Module::Load versions before 0.22 for Perl allow arbitrary modules outside of @INC to be loaded. Module names starting with "::" could be passed to the load function to specify arbitrary module paths. Attackers able to influence module names passed to load could use that bug to execute arbitrary code.
Casky was already ahead
This CVE exploits attack patterns that Casky's 0matched skills already investigate — long before this vulnerability was disclosed. Claude's reasoning model maps these techniques to MITRE ATT&CK, so practitioners who ran these skills have already seen the threat behaviour in their findings.

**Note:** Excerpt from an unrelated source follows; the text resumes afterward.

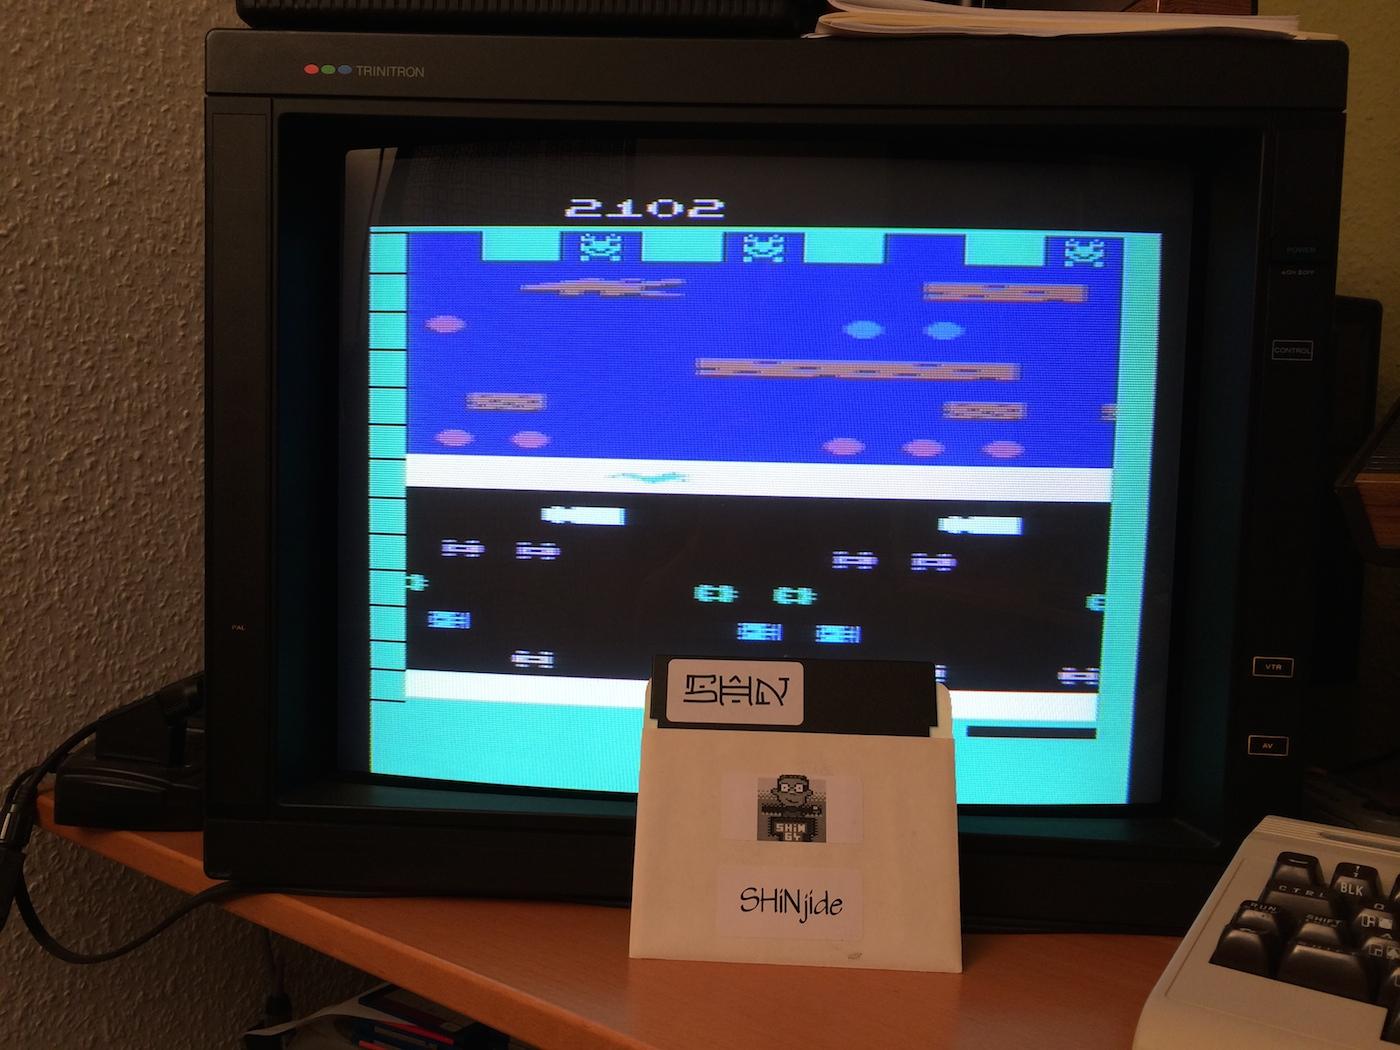 SHiNjide: Frogger (Atari 2600 Expert/A) 2,102 points on 2014-07-09 16:59:31
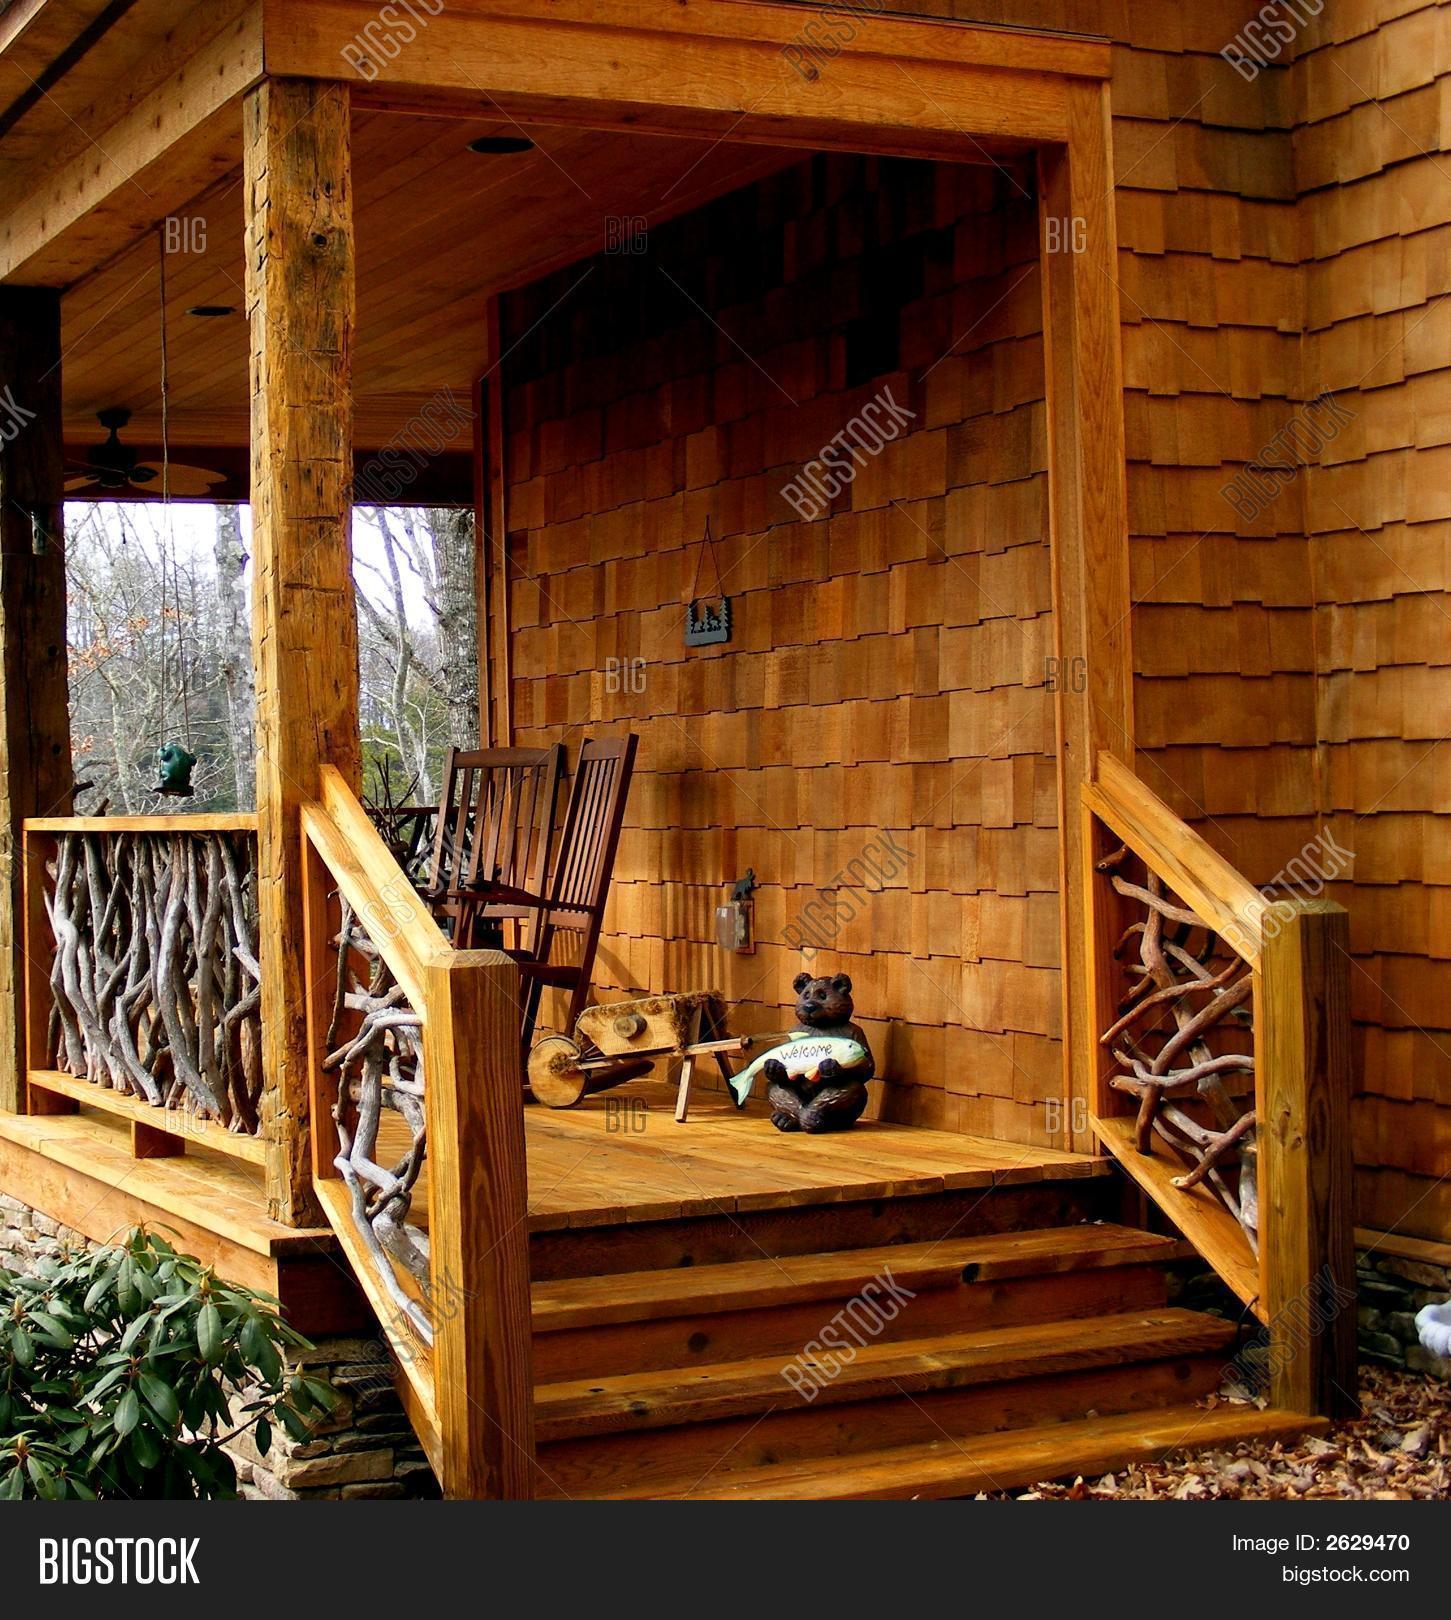 Country Home Deck - Unique Railing Image & Photo

CVE-2011-10043 represents a critical arbitrary code execution vulnerability in Perl's Module::Load library affecting versions before 0.22. The flaw allows attackers to bypass the standard module search path (@INC) by crafting malicious module names prefixed with '::' characters, enabling the loading of arbitrary Perl modules from attacker-controlled locations. This vulnerability is particularly dangerous in environments where untrusted input influences module loading decisions—such as web applications, automation frameworks, or plugin systems—because successful exploitation grants immediate code execution with the privileges of the running Perl process. Any organization using vulnerable Module::Load versions in production systems faces direct risk of complete system compromise.
While CVE-2011-10043 predates formal MITRE ATT&CK technique mapping, Casky's extended reasoning engine would detect the attack patterns underlying this vulnerability by analyzing input validation failures and code execution flows. Practitioners using Casky would observe findings related to improper path validation, unsafe dynamic code loading, and privilege escalation pathways. The platform's 754 mapped security skills would flag suspicious module name patterns (particularly those containing '::' prefixes in user-supplied input), trace untrusted data flowing into load() function calls, and identify execution contexts where module injection could occur. Security teams would see detailed call chain analysis, source-to-sink tracking of module name parameters, and recommendations to implement strict module path whitelisting and input validation—enabling proactive defense against this class of supply chain and code injection attacks.